Now, finally, the bottle comes to the table: Portugieser from the German wine region of Saale-Unstrut. I admit, at first I have to swallow twice; it's not clear to me whether the experience I've just had, surprise, innate curiosity or accumulated prejudices will finally prevail. I don't want to offend my neighbour and stammer something about a "not so highly rated" grape variety, about the northernmost wine-growing region in Germany, about the difficult combination with food.

I only drank one glass, mainly because I rarely pour wine with a meal at lunchtime, especially when I have to work in the afternoon.

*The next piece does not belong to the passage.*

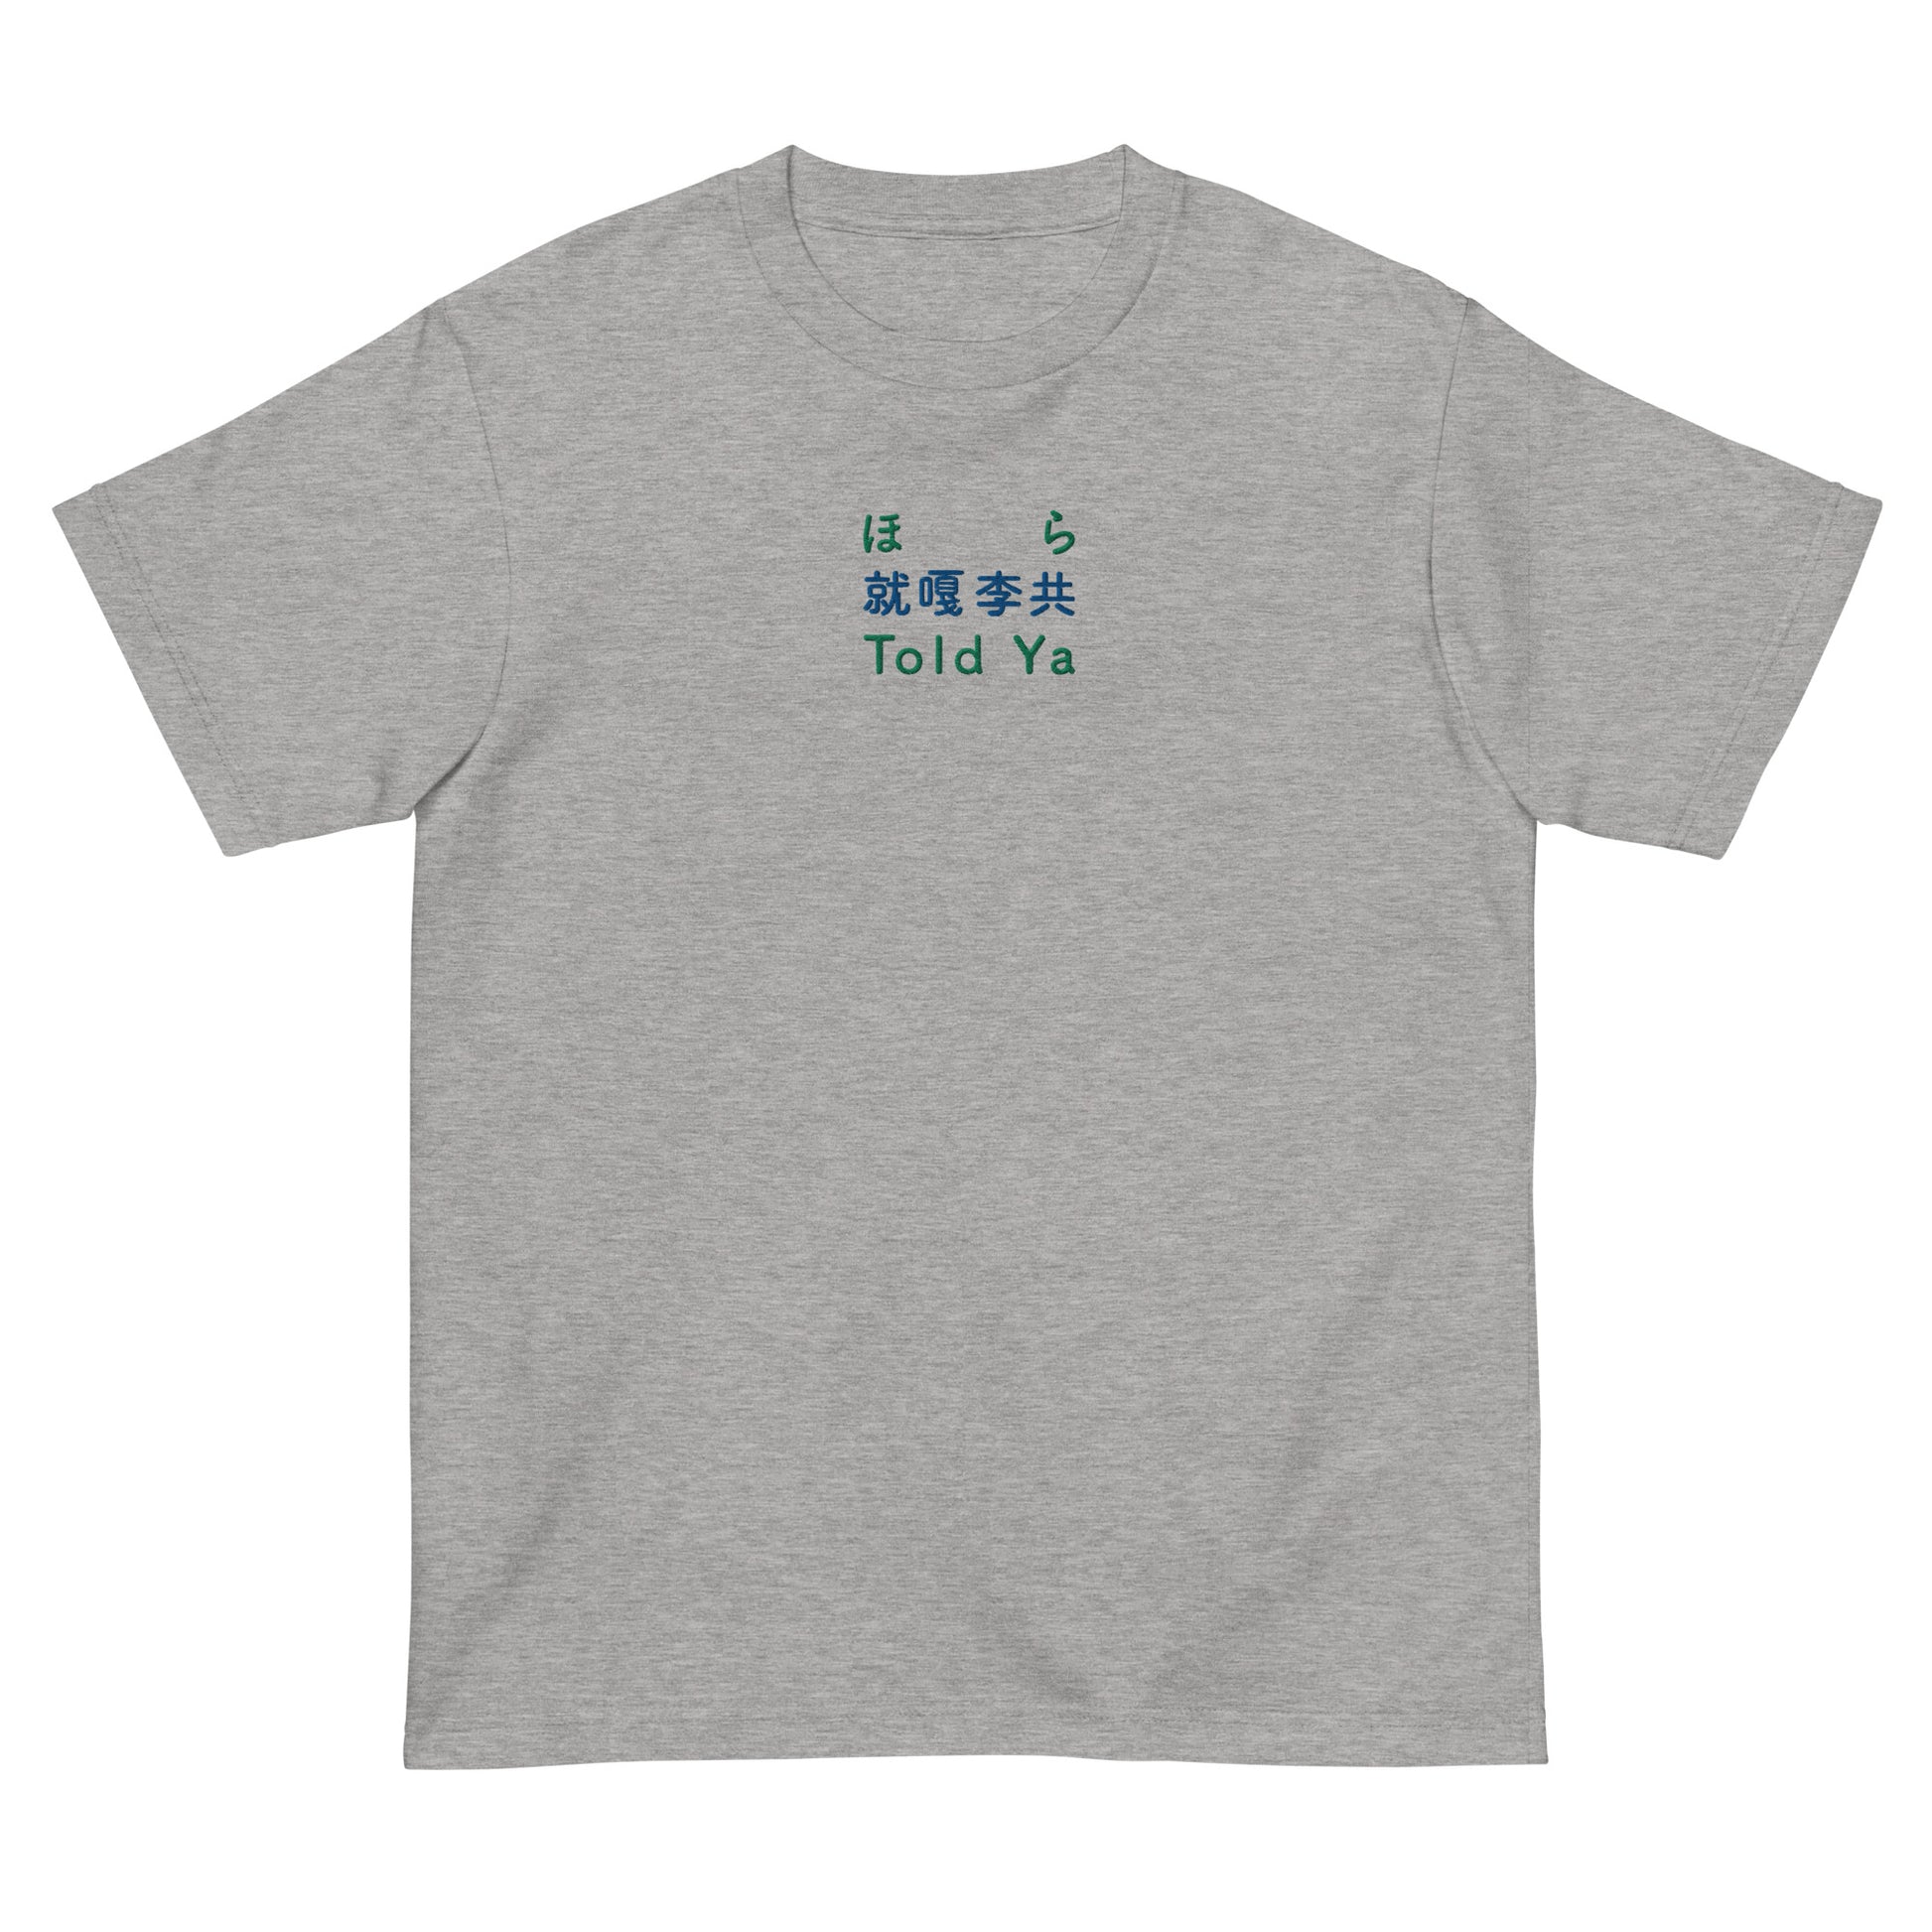 Light Gray High Quality Tee - Front Design with an Blue,Green Embroidery "Told Ya" in Japanese,Chinese and English
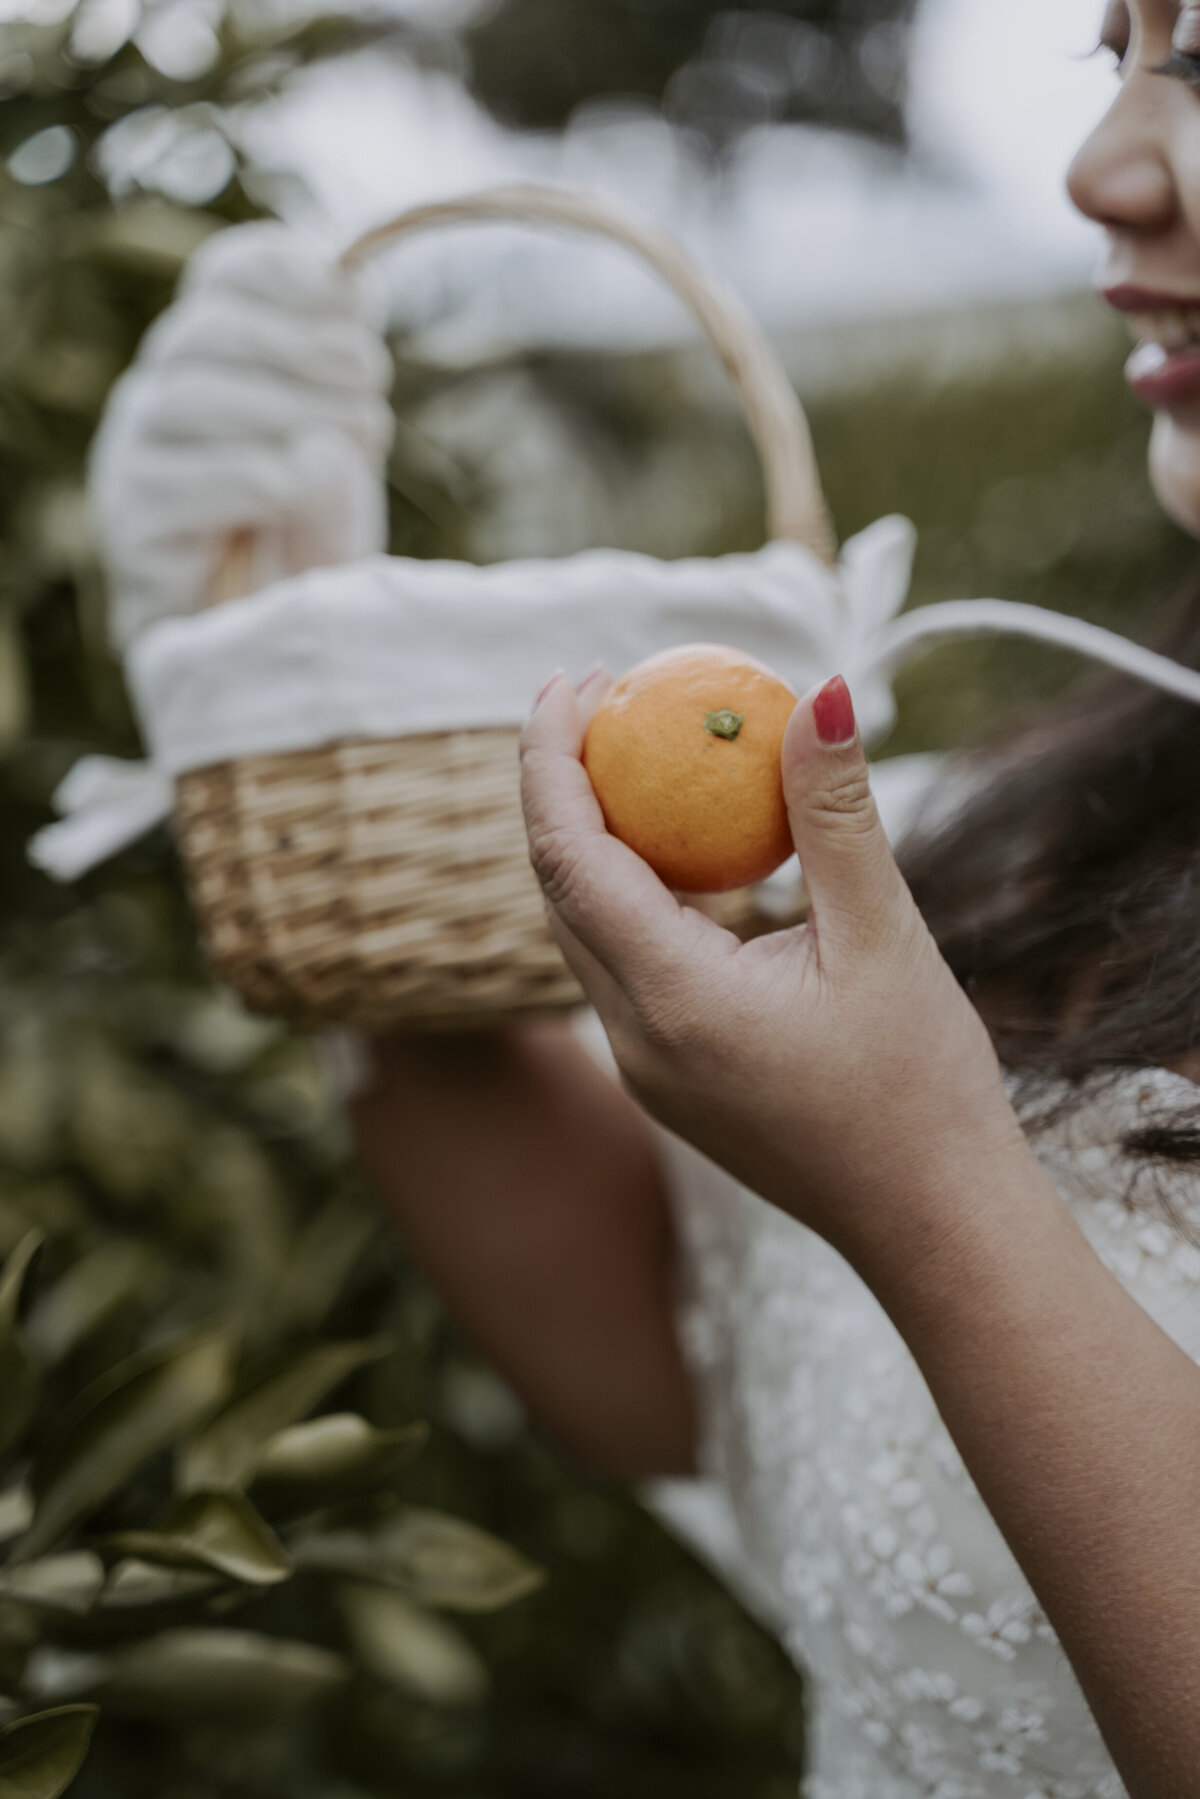 the tangerine and small basket holding by the bride

Längricht" Vineyard Weischütz an der Weinstrasse% Saale-Unstrut
My neighbour has no idea what he has unleashed with his dining companion. I can't sleep: is it the full moon - it can't be the quality of the wine - or is it the new experience with a grape juice I don't know? In any case, I get up at four in the morning and start researching: Portugieser. Even then, the sources contradict each other: does it come from the East or did Baron von Fries really bring it from Porto to Bad Vöslau in Austria in 1772? But not only the origin is doubtful, also almost all characteristics are described differently. Some say "early to medium early", others "medium to late ripening variety". The colour also ranges from "mostly light red" to "colour-intensive with some burgundy". Only one thing is agreed upon: "a large part is processed into Portugieser Weißherbst".

Now to the small wine region of Saale-Unstrut, "north of the cultivation border". In its guide "through the best wineries in Germany", "Feinschmecker" devoted just four pages out of 374 to the wine-growing region, while "Gault-Millau Deutschland" manages 9 pages out of 736.

A glass enjoyed with a zucchetti gratin with Gorgonzola
What a world of vinophile boredom I have fallen into! I skim the ratings in the Wein-Plus wine guide and all my prejudices are confirmed: "passable (74), decent (75), passable (72), passable (72), good (79)" and a single "very good (83)". Finally, I find the ultimate verdict in the forum archive: "Portugieser is the traditional bread-and-butter wine..... Sure, there are also quite good ones, but actually..." the world doesn't need it.

Back to my own experience: the wine went well with the not simple but concise meal, even though it was not butterbread. In fact, it was an excellent match. And when I think about it in retrospect, hardly any other wine would have gone so well with it. The Portugieser was simply brilliant.

This morning, when the neighbour passed my house, I asked him for the bottle and - if available - for the rest of the wine. And so it happens that early in the morning, it is not yet eight o'clock, I have already emptied a glass. And I am still looking for the "mild and fruity red wine with soft tannins and a pleasant scent of violets". In contrast, I find a wine that is low in acidity but still strong, which goes well with blue cheese and - more and more clearly - shows its peppery note. With this judgement, I probably belong to a minority, just as the Portugieser and the Saale-Unstrut are minorities in the wine world. But I have always had a "heart" for minorities, because they are easily underestimated.